The signal identifier 3 according to the present disclosed technology considers not only a variable including features of input data but also a variable based on teacher data. Therefore, the present disclosed technology may consider a feature amount space including a variable including a feature of input data and a variable based on teacher data. The variable based on the teacher data may be a type of number allocated to the label described above. Taking the above-described “emu” and “capybaras” as an example, a plurality of variables including features of both input data have close values, but variables based on both teacher data do not have close values. Therefore, in the present disclosed. technology, there is no fear that an undesirable classification for humans, such as “close to capybaras” for an unlearned image of “emu”, would occur.

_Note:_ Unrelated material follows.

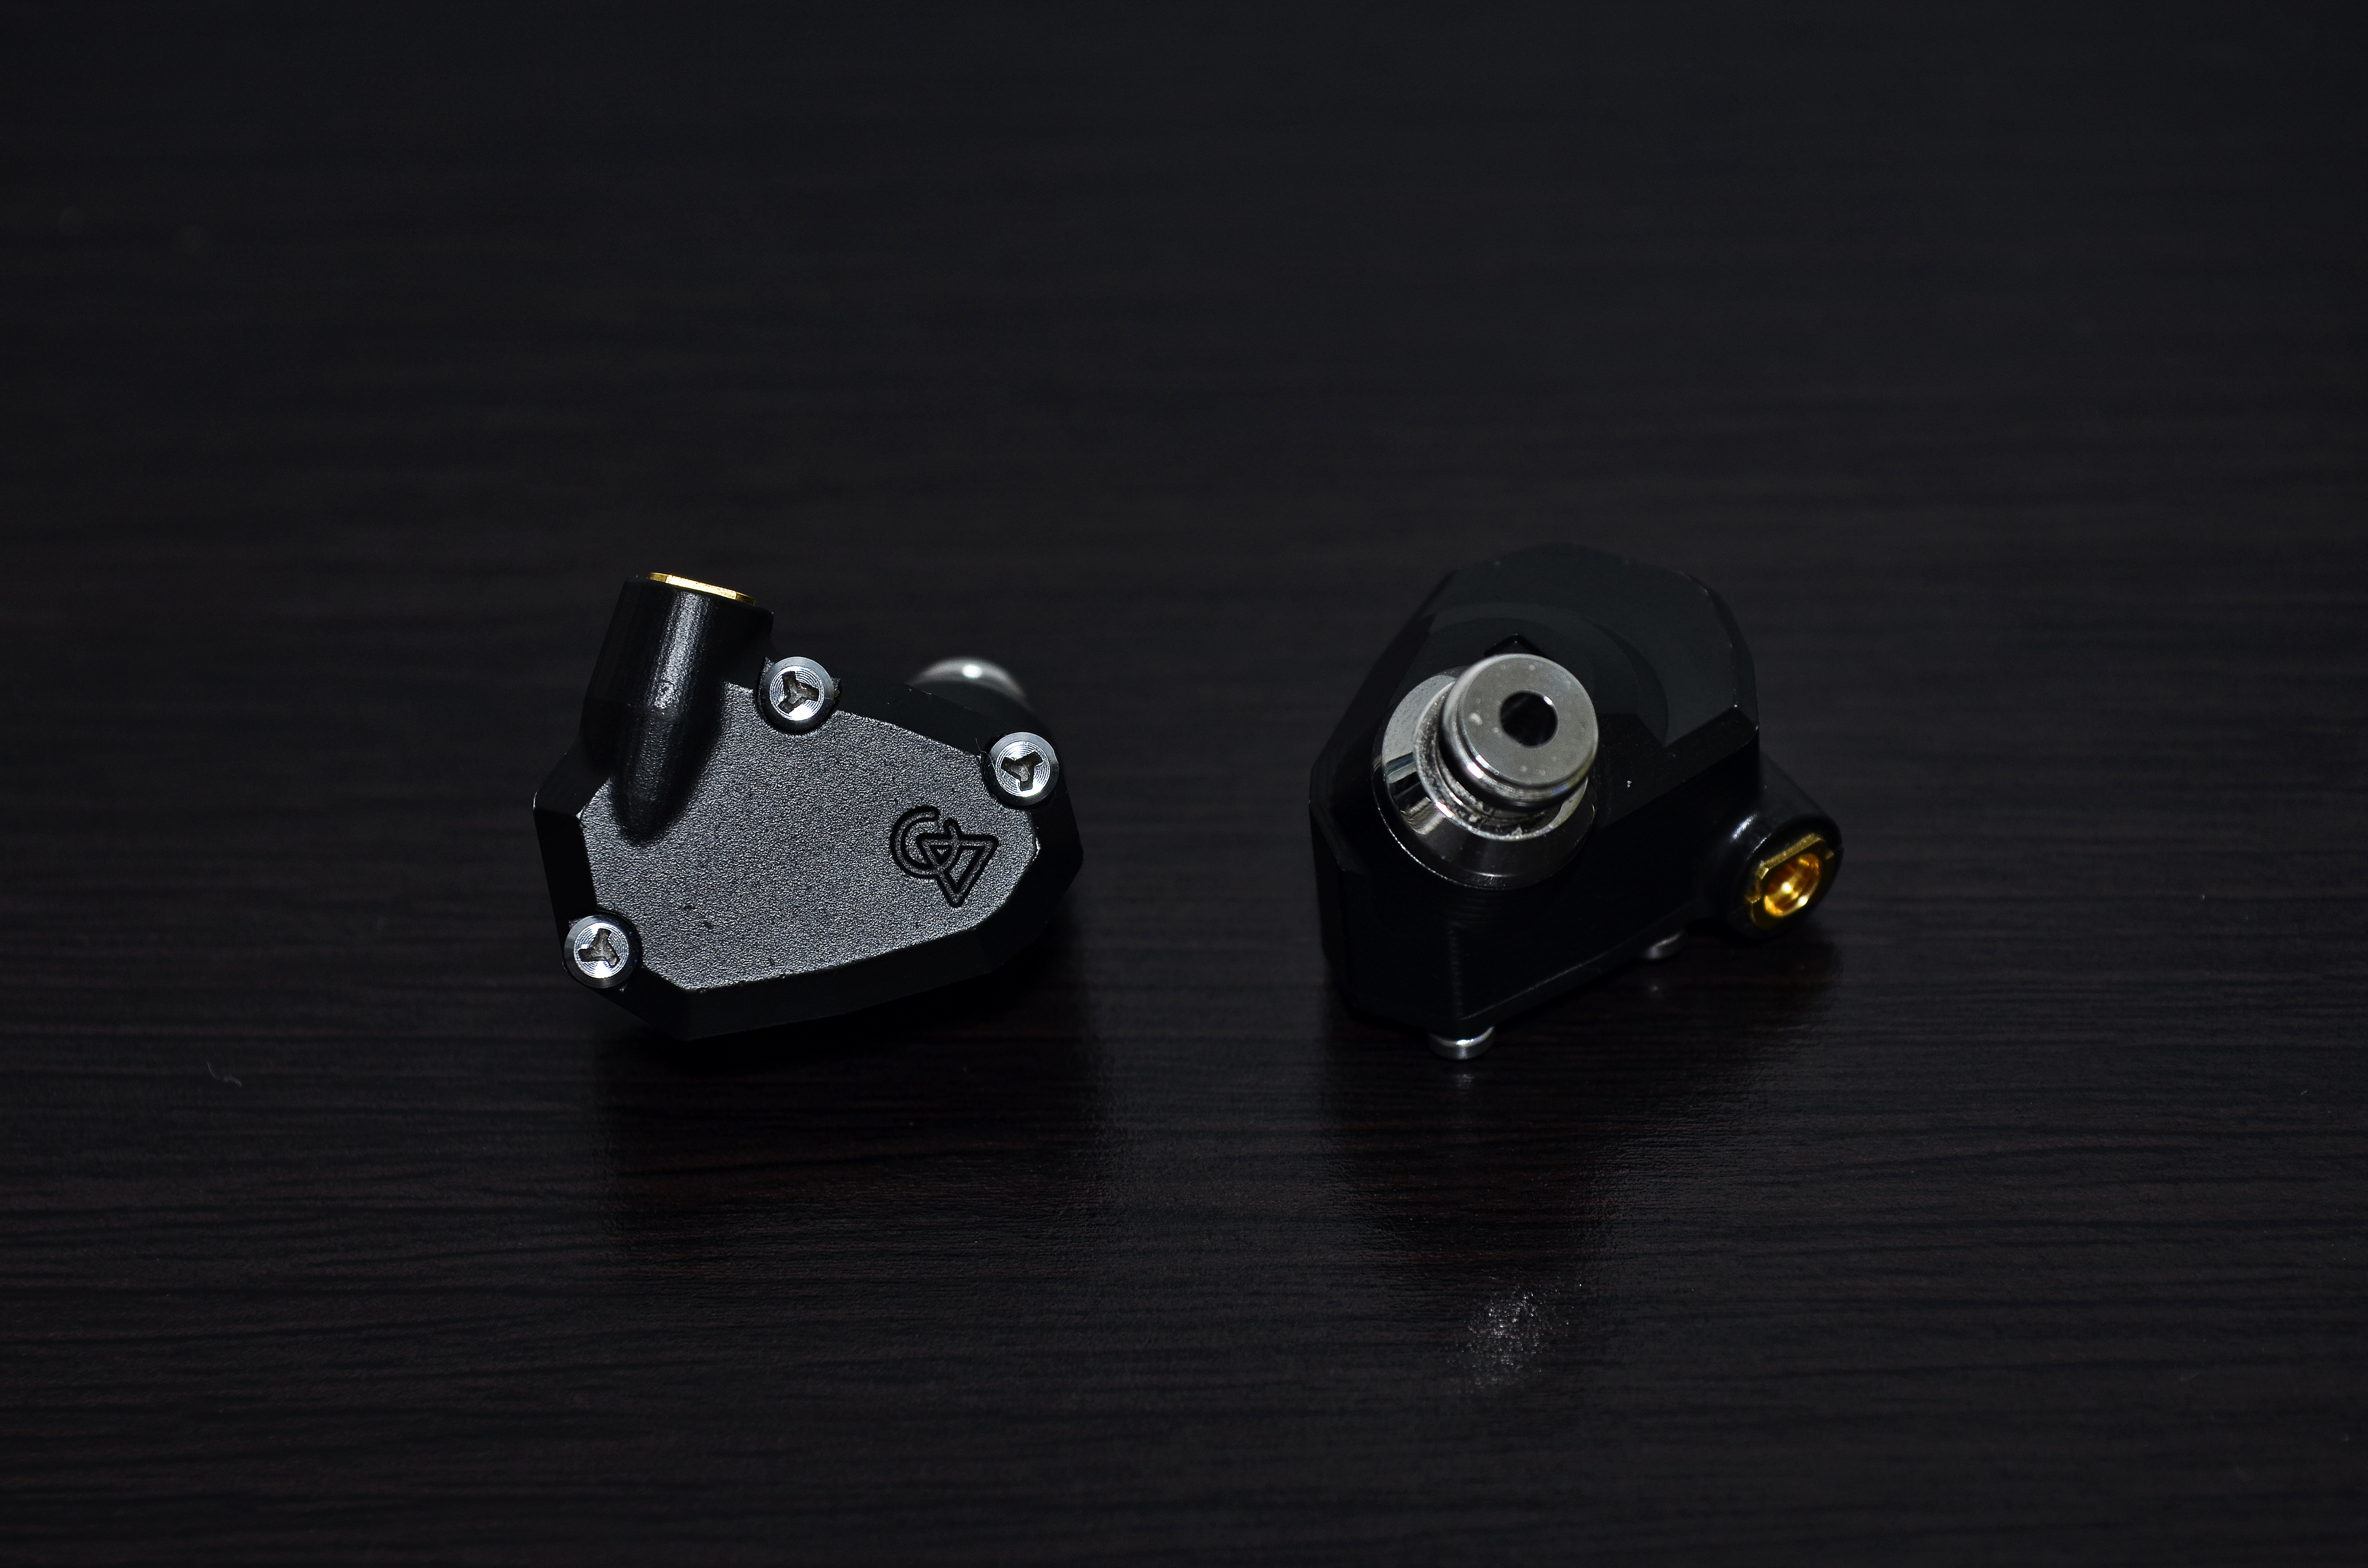 Campfire Audio Orion - Reviews | Headphone Reviews and Discussion -  Head

In the present disclosed technology, as described above, the dimension of the feature amount space may be obtained by adding the dimension of the variable including the features of the input data and the dimension of the variable based on the teacher data. Furthermore, in the present disclosed technology, a coordinate transformation may be performed to reflect the information of the teacher data while setting the dimension of the feature amount space as the dimension of the variable including the features of the input data.

Such a structure, in addition to having continuity with respect to continuous change of input data in the feature amount space or the latent space, having continuity with respect to continuous change of teacher data, is referred to as a “manifold structure” in the present disclosed technology. A method for implementing that a space has a manifold structure without changing a dimension becomes more clear by the following description. The expression “continuous change” herein may be paraphrased as “minute change” or “located in the vicinity”.

The difference between the conventional technology and the present disclosed technology also appears in a loss function used in the learning phase. The loss function is also referred to as a cost function (expressed in KATAKANA), a cost function, or an evaluation function.

FIG. 3 is a schematic diagram illustrating a configuration example of the learning unit 31 in the learning phase. FIG. 3 clarifies a loss function used in the learning phase of the present disclosed technology. As illustrated in FIG. 3, the learning unit 31 includes an inference model, a generation model, and an identification model.

In FIG. 3, x represents signal data. In FIG. 3, t represents teacher data.

In the inference model in FIG. 3, the signal data (x) is input, and a latent variable z of the signal data (x) and a second latent variable m of the signal data (x) are output. The inference model illustrated in FIG. 3 is an autoencoder that outputs an average and a variance of the latent variable z expressed by a multidimensional normal distribution. When the signal data (x) is image data, it can be said that the inference model is a mapping from the image space to the latent space.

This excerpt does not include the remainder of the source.